Thank you, Katie, for sharing so much about what it’s like to live in New Zealand! I especially loved reading about the importance placed on family time and children. 

Do you know someone who lived abroad and would like to share their story? Please get in touch!

8 Comments

  • Laura says:

    I’ve never been to Nz but it’s definitely on my wish list. Especially after reading this!
    Laura recently posted..How to Eat (and Cook) Like a Local in RomeMy Profile

  • Jessica says:

    As a new mom in the USA, I envy the baby friendly policies of places like New Zealand and Europe. We have a long road ahead of us! I can imagine that it must be beautiful to live in New Zealand although as Katie said, it can get lonely. That’s always the expat dilemma.

    • Jenna says:

      I also envy those policies. Even though I had a stable job and could afford basic daycare, the time after my children were born was stressful, mostly due to not having enough paid time off or enough support. We really need to continue to push for good maternity care in the U.S.

  • Tamara says:

    What a fascinating read! We always romanticize living abroad but it is easy to overlook the more challenging aspects.

    • Jenna says:

      Yes! I’m pretty sure all of the expat stories in this series have talked about the challenges because it’s important to recognize that it’s not all roses.

  • Rebecca Jones says:

    That article is so well written and highlights so many of the things I thought when I first came here from UK. I was surprised to find the city strewn with rubbish when on the first drive out from the airport (inorganic), to find instant coffee in packets and not jars, that supermarkets packed your bags for you (wrongly, i.e. not in the order of where I put things away), that people go to the supermarket in pyjamas, that although there is so much land here houses are still built so you can look in your neighbours’ windows, that so many primary schools don’t have school uniform, that there are no school canteens, that there is so much poverty here.

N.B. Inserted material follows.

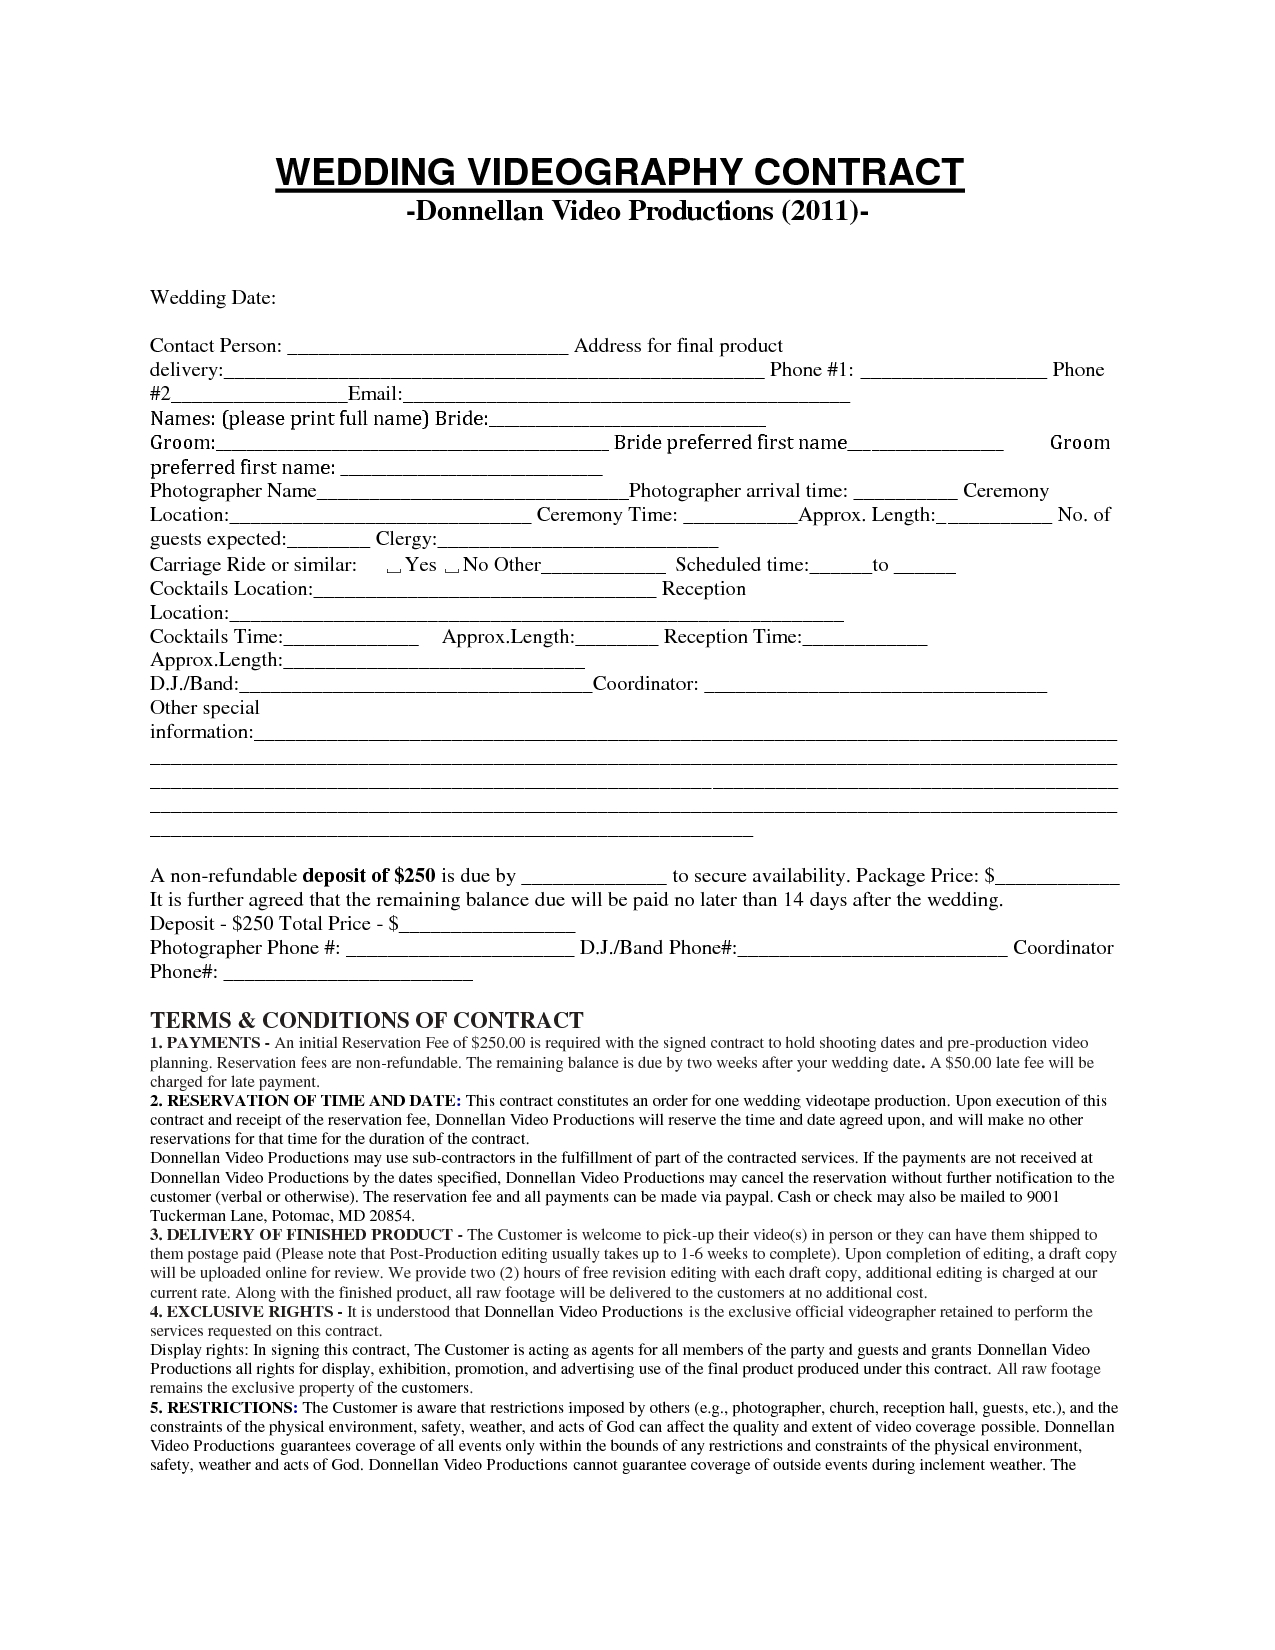 Videographer Contract - Free Printable Documents within Film Editor Contract Template

    I have been here since 2004 with no family apart from my children and it may only be on the other side of the world to my family and lifelong friends but it feels like it could be as far away as the moon at times.

    • Jenna says:

      Interesting! I work with immigrants here in the U.S. and they point out so many differences between their native countries and here–things like not wearing uniforms to school, how people stand in lines so patiently, how different the education system is, etc. I’ve never thought of packing the bags in the order that you put things away. Good idea!